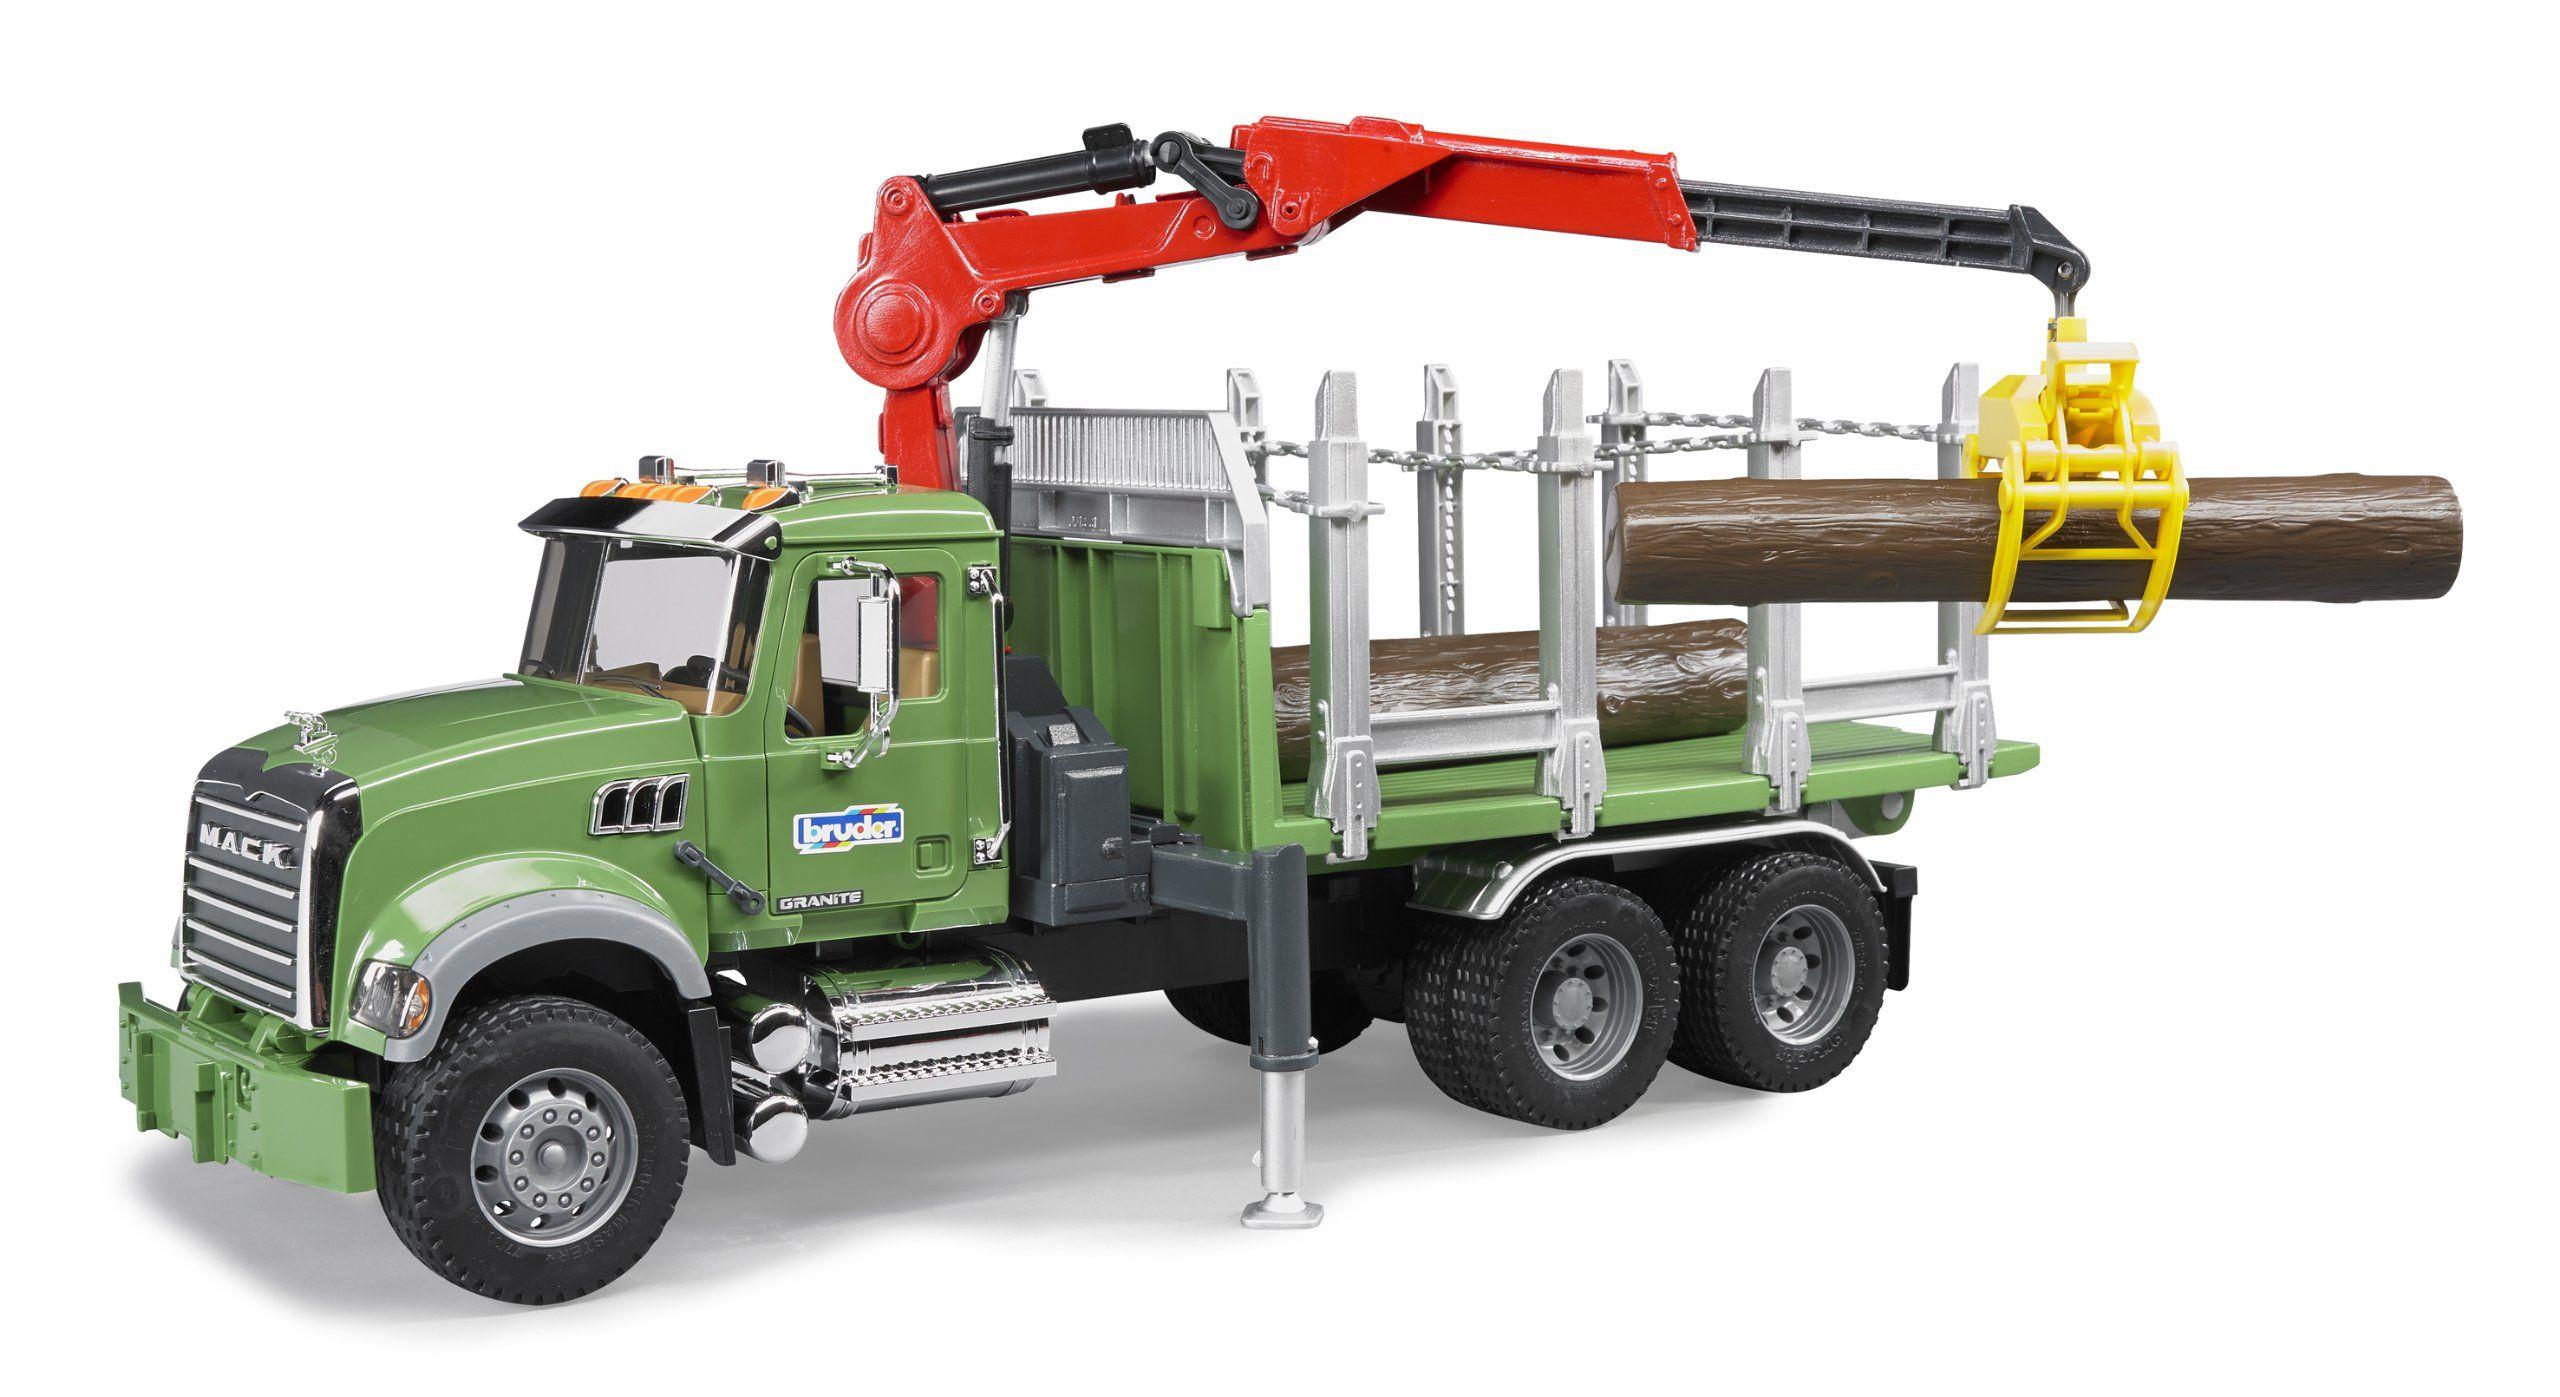 Amazon Com Bruder Mack Granite Timber Truck With Loading Crane And 3 Trunks Toys Games76 00 Trucks Toy Trucks Mack
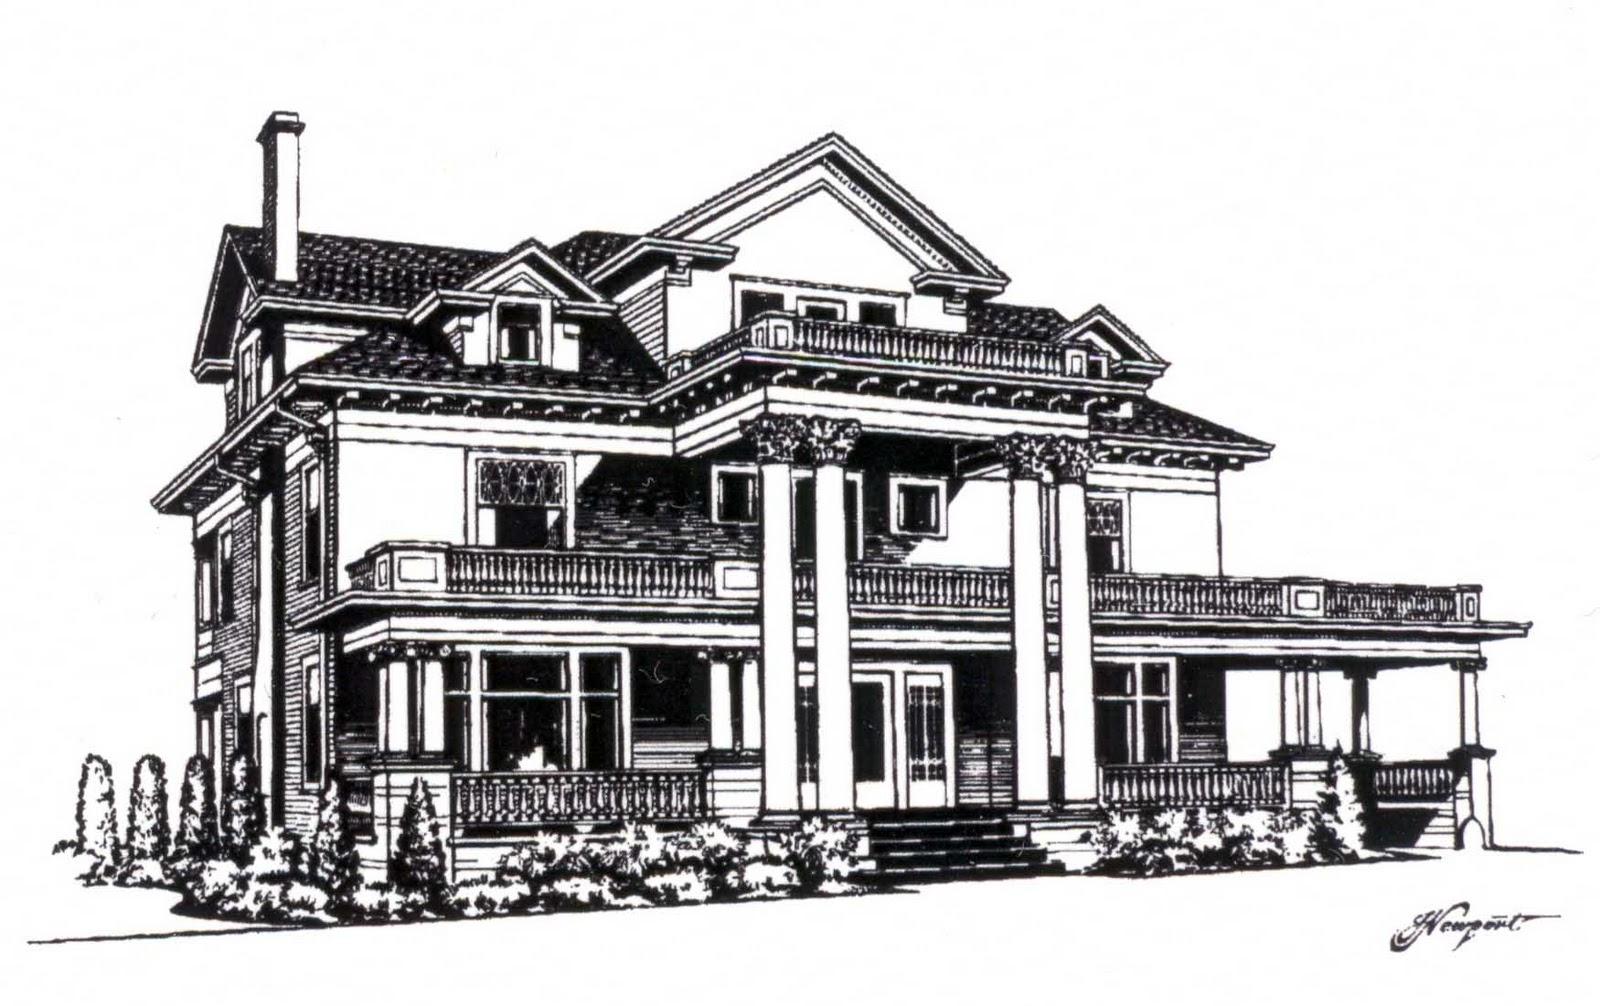 Spanish Villa House Plans Via Margutta 51 When I Say You Say 8 Mansion
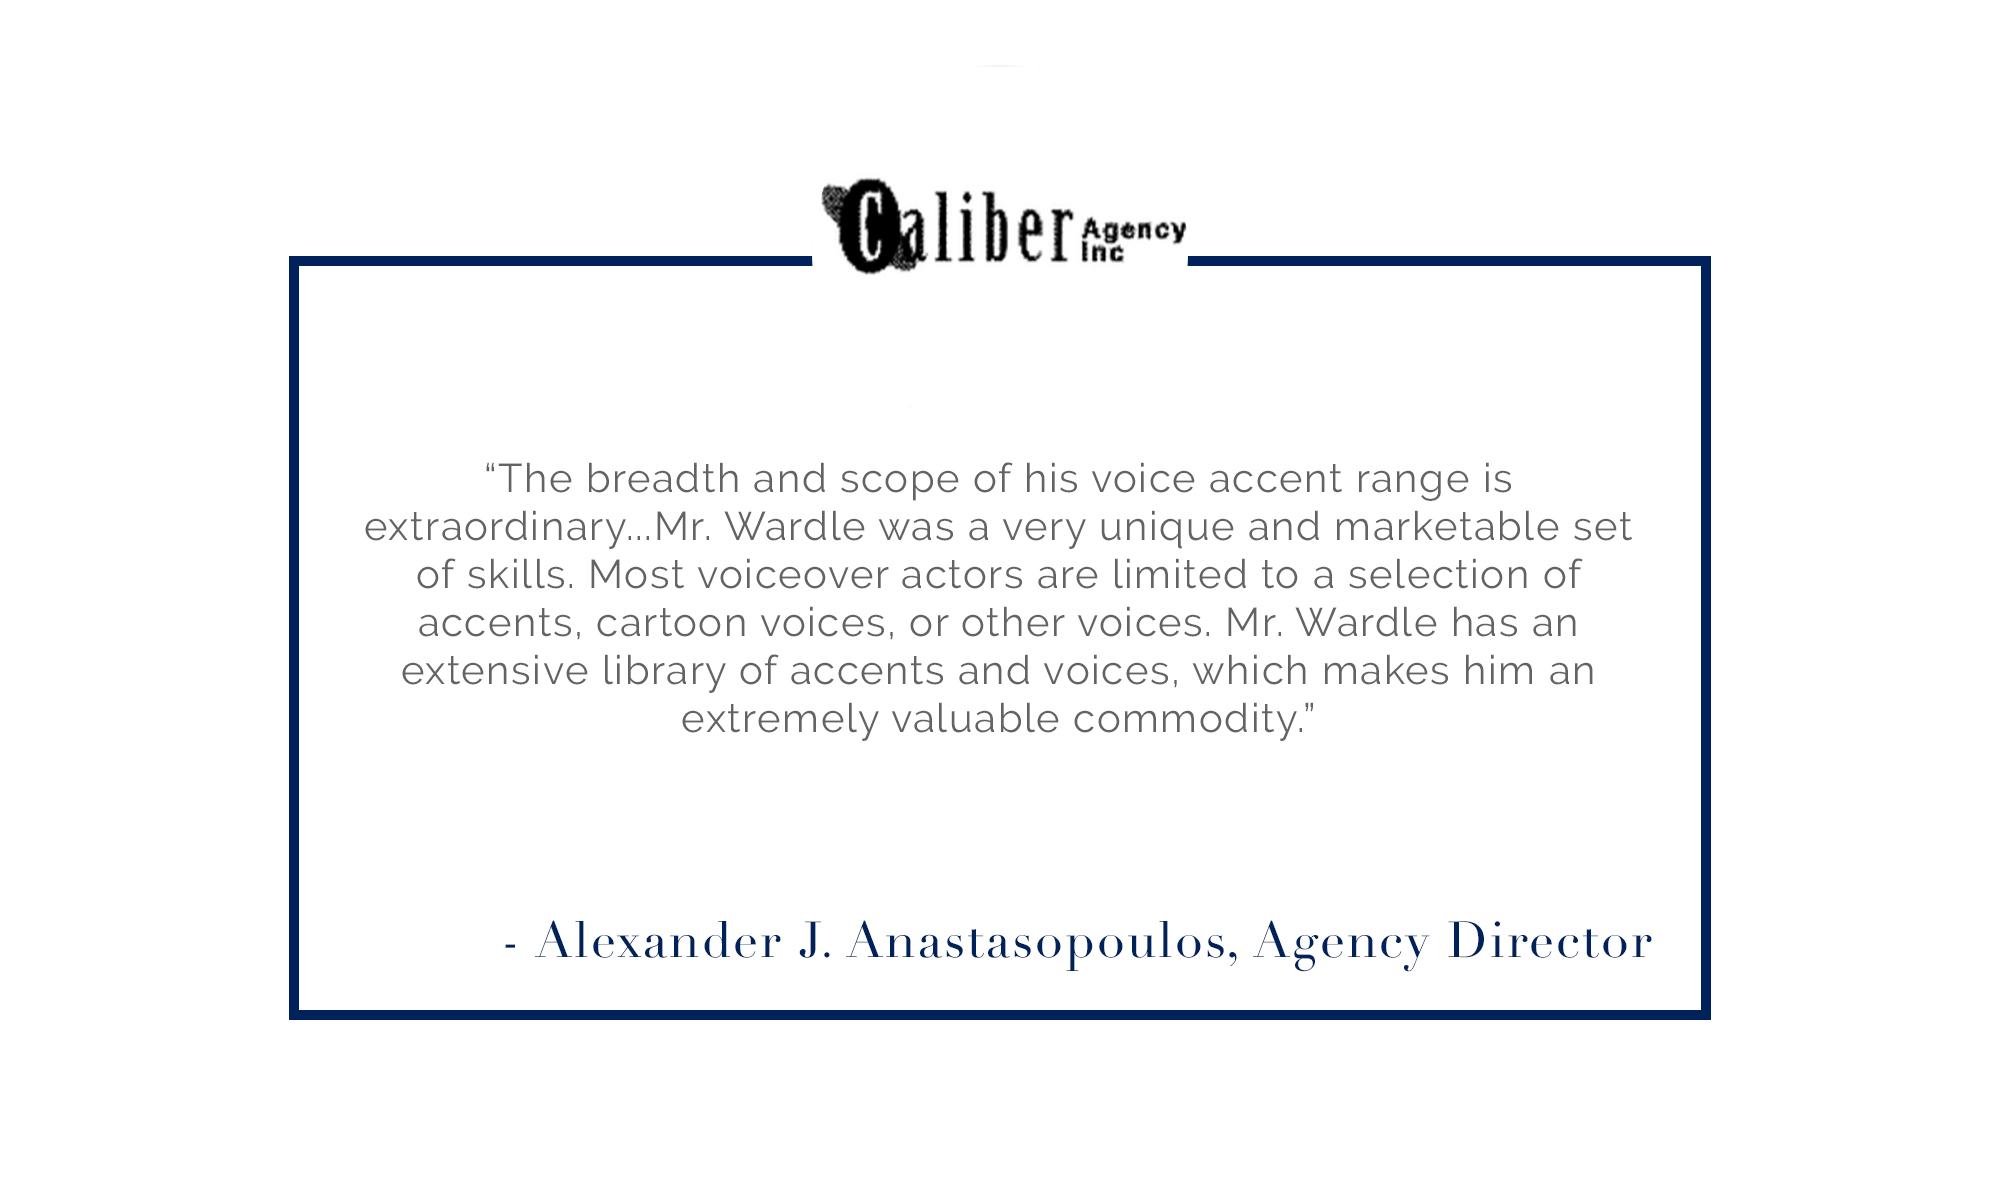 Cailber Agency.jpg

--------------------------------

→ YOUR TASK
All of the material must be given again exactly, though no picture may appear in the copy.

→ ANSWER BOX
 Amazon Com Bruder Mack Granite Timber Truck With Loading Crane And 3 Trunks Toys Games76 00 Trucks Toy Trucks Mack
 Spanish Villa House Plans Via Margutta 51 When I Say You Say 8 Mansion
 Cailber Agency.jpg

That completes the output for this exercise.